The hard version of that objection is not hypothetical. Chen et al. (2025) find that radiologists under-relied on a stronger prostate-MRI AI system, while Rosbach et al. (2026) show the opposite pressure in computational pathology: automation bias and anchoring can pull experts toward incorrect machine advice. Ibrahim et al. (2025) are right to frame overreliance as something systems must measure and mitigate. The reliance problem cuts both ways.

They do not absorb confidence debt because they usually begin too late. Appropriate reliance asks how a person should weight AI advice at the moment of decision.

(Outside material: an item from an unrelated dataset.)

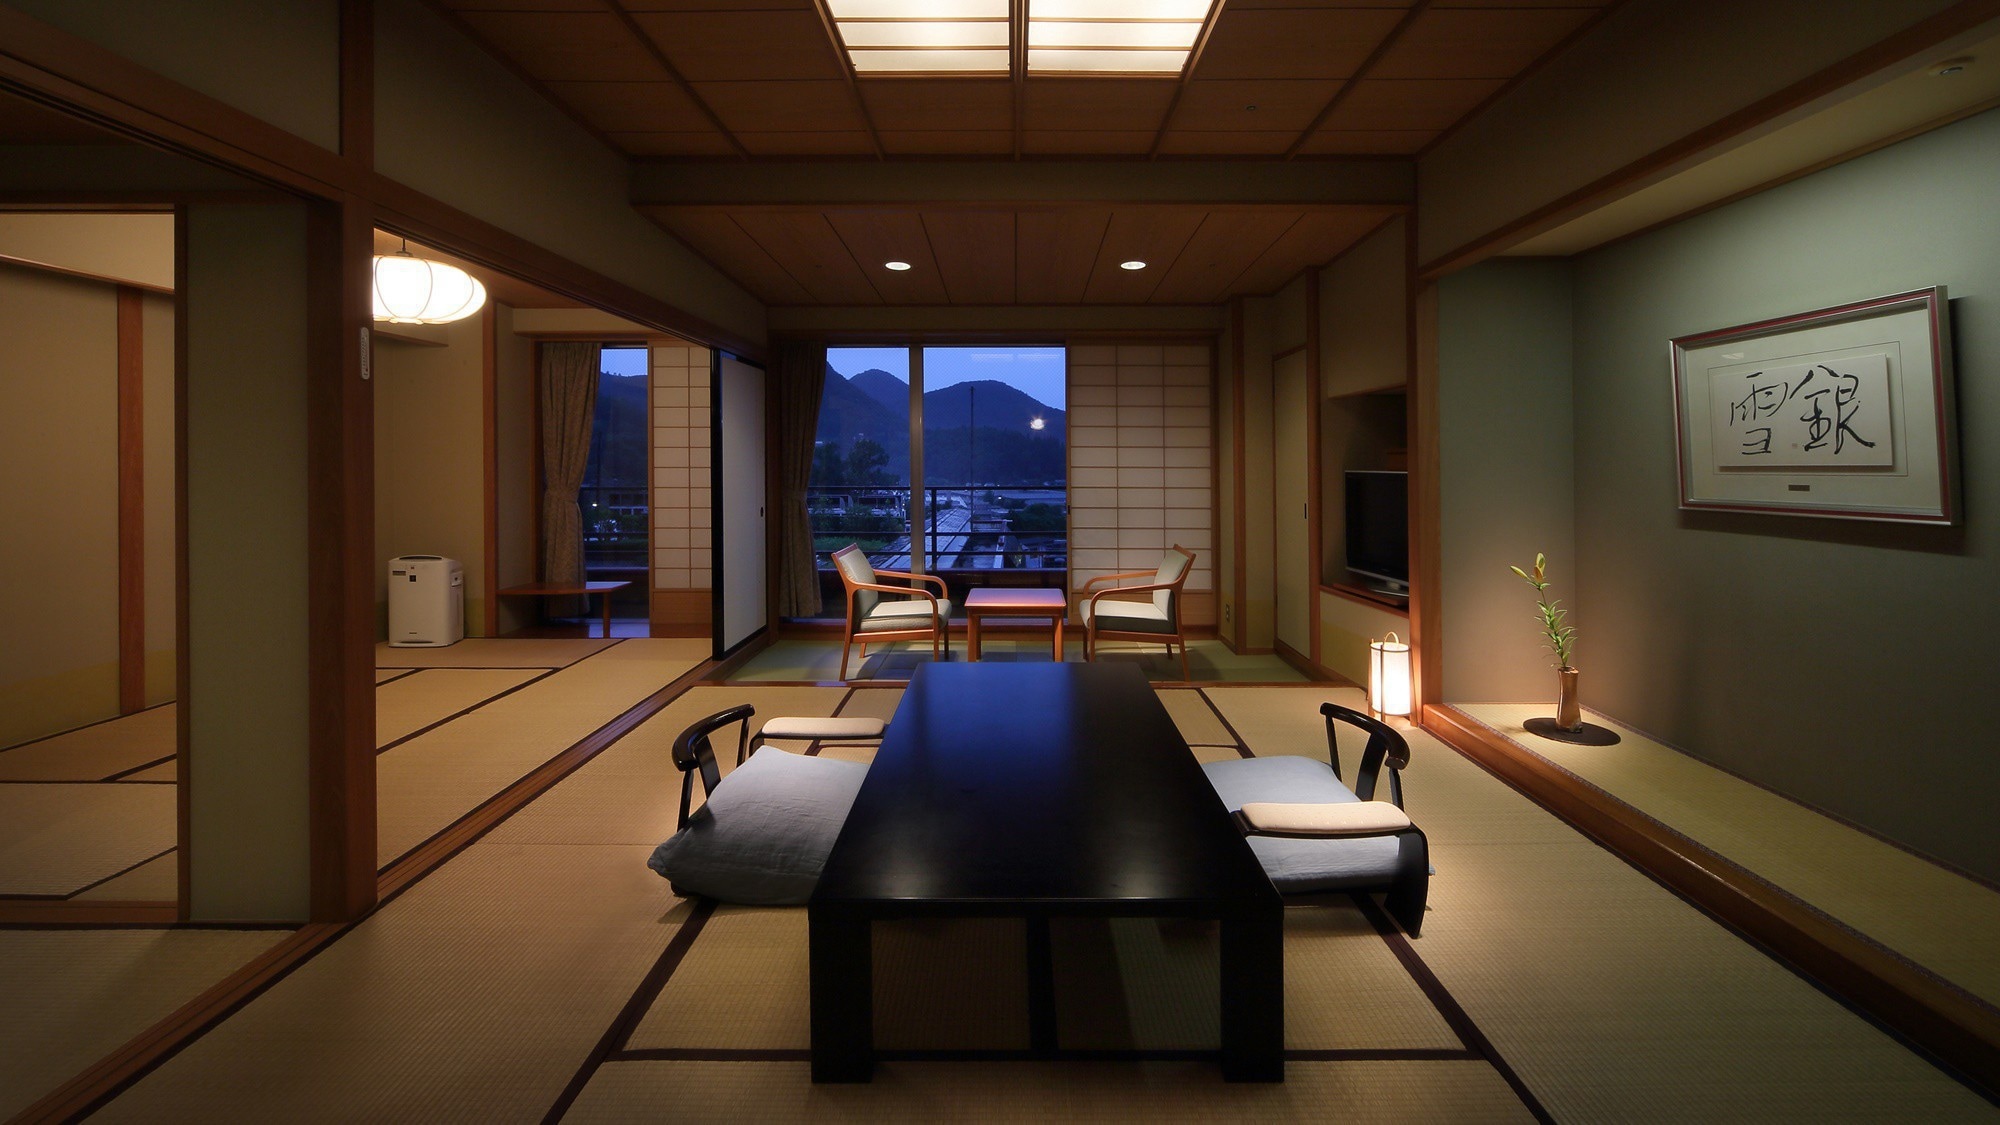 【日式房間10張榻榻米+6張榻榻米】10張榻榻米的日式房間和6張榻榻米的寬敞隔壁房間。與家人和朋友一起放鬆。

Confidence debt asks what evidence reached that person, what reliability claim licensed the deployment, and what correction capacity the workflow preserved before the person saw the answer. A radiologist, engineer, or reviewer can be perfectly calibrated against the interface they receive and still be trapped inside evidence that was over-compressed before it reached them.

This border is important because confidence debt should not become a bloated synonym for every AI trust problem. It is narrower than "AI can be wrong" and narrower than "people trust AI too much." The frame applies when trust moves downstream faster than the evidentiary, evaluative, and human controls that should constrain it. Where a workflow keeps claims auditable, releases systems only inside measured reliability envelopes, and gives reviewers real co-audit support, confidence debt is being paid down even if the model still makes mistakes.

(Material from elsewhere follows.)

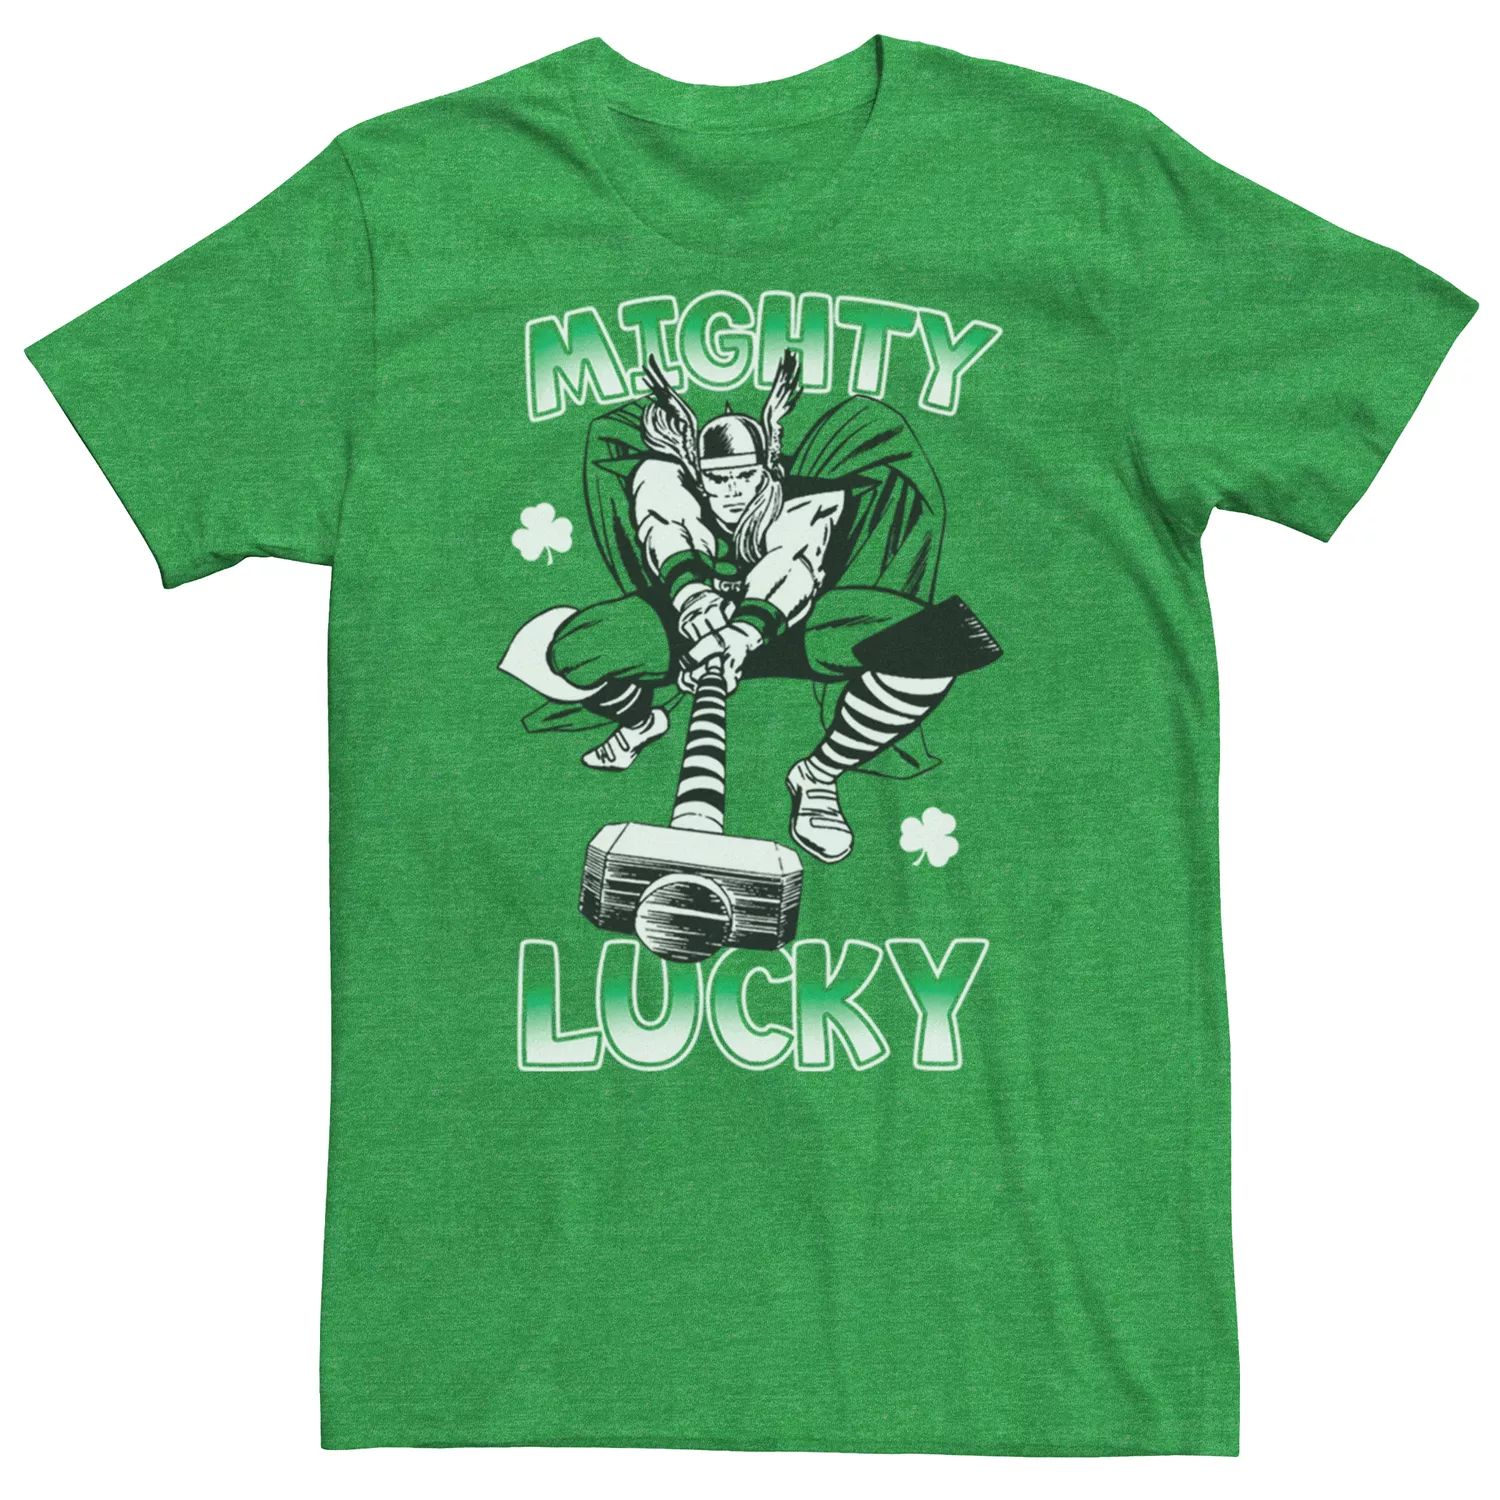 Мужская футболка Marvel Mighty Lucky ко Дню Святого Патрика Licensed Character мужская футболка с надписью hulk lucky ко дню святого патрика marvel

The doctrine should also stay inside its evidence. The three-gate stack has not been validated as one complete deployment system. The evidence base supports each gate from adjacent directions, but it does not yet prove that combining them will eliminate confidence debt in the field.

There are no universal thresholds here. A hospital triage system, a code assistant, an internal research tool, and a customer-support agent need different reliability envelopes, escalation rules, and co-audit interfaces. A domain with reversible low-stakes outputs can tolerate more debt than a domain where errors become official records or irreversible actions.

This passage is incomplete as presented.